Harry's summer was one of the worst. He was constantly plagued with nightmares of the event. I knew because everyday I watched over him. It was actually I who warned Mrs. Figg. The rest was a mere made up story. That year I gave Harry the best of my support. When I found out what that woman had been doing to Harry I was simply fuming with anger. What kind of punishment is that?! I barely managed to restrain myself. But do something, I could not. I warned Harry to keep quiet. But no he went on making her even more furious with the truth.

In the end she deserved what she got.

I was one of the last people to find out about Harry's trip to the Department of Mysteries. The moment I did, I wanted to rush to his side, but I could not. Dumbledore's orders. It was even worse finding out about Sirius Black. Harry … oh my poor Harry. But still Dumbledore would not let me see Harry, said it was for the best.

But the moment I saw Harry I hurried to his side, as calmly as possible.

"Harry?"

"Yes Professor?" he asked somewhat reluctant. I could tell he had no wishes to talk to me or anyone else for that matter.

"Are you ok, Harry?" I asked realizing what a foolish question that was. Of course he's not ok. His godfather is dead.

Harry stared intently into my eyes.
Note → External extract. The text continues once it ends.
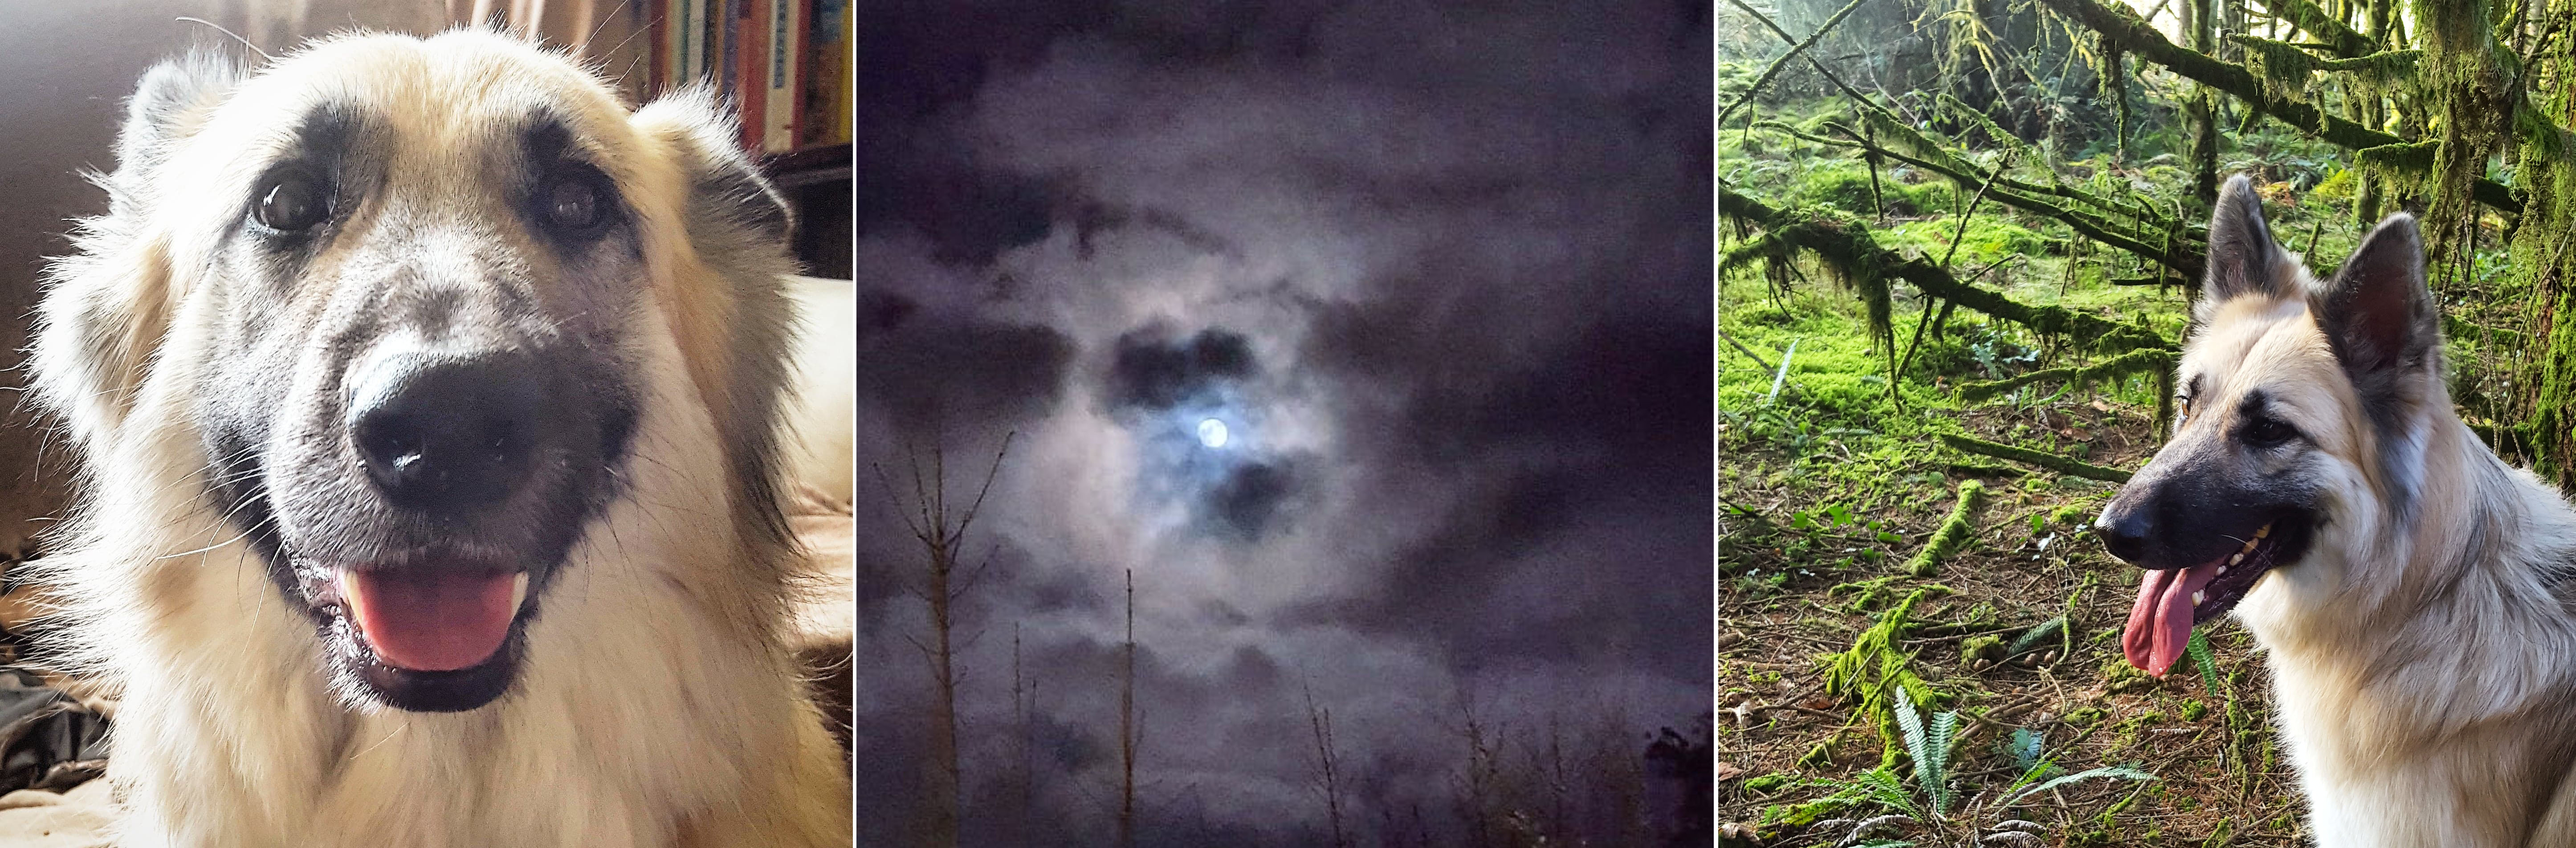 Kira - Snow Moon - Kira - The Last Krystallos

And I looked into his eyes … into those eyes that remind me so of Lily's.

He nodded. He lied.

"Don't give up," I whispered before walking away.

At least he still has his friends … and me.

The sixth year was the hardest for me. I have a confession to make, a great secret I have hidden for so long now.

I loved Dumbledore.

At least Dumbledore managed to somewhat help Harry that year, something I could not do.

The year began good, well as good as can be expected seeing now everyone has chosen to see the truth. Voldemort has returned

But as for Harry I sensed a great turmoil inside of him. Countless times he warned Dumbledore about Malfoy and Severus. But Dumbledore had perhaps too much faith, too much trust in Severus. And to this day I do not know if Snape betrayed us or if ……

When Dumbledore's end came, it was a great pain for everyone. For me, For Harry, for the school.

Who would protect Harry now?

I would. I will. I will be watching over him

The final battle approaches and I know Harry will triumph. At what price I do not know. But I hope the price is not too high.

I hope for all this to be over. For Harry to finally be able to walk, to sleep, to drink, to dress, to talk, to live without the burden of the fate of the world on his shoulders.

I can only hope.

Thanks for reading it. It was kind of short, and not very developed, maybe one day I'll come back to this, edit it, and who knows? A whole new idea!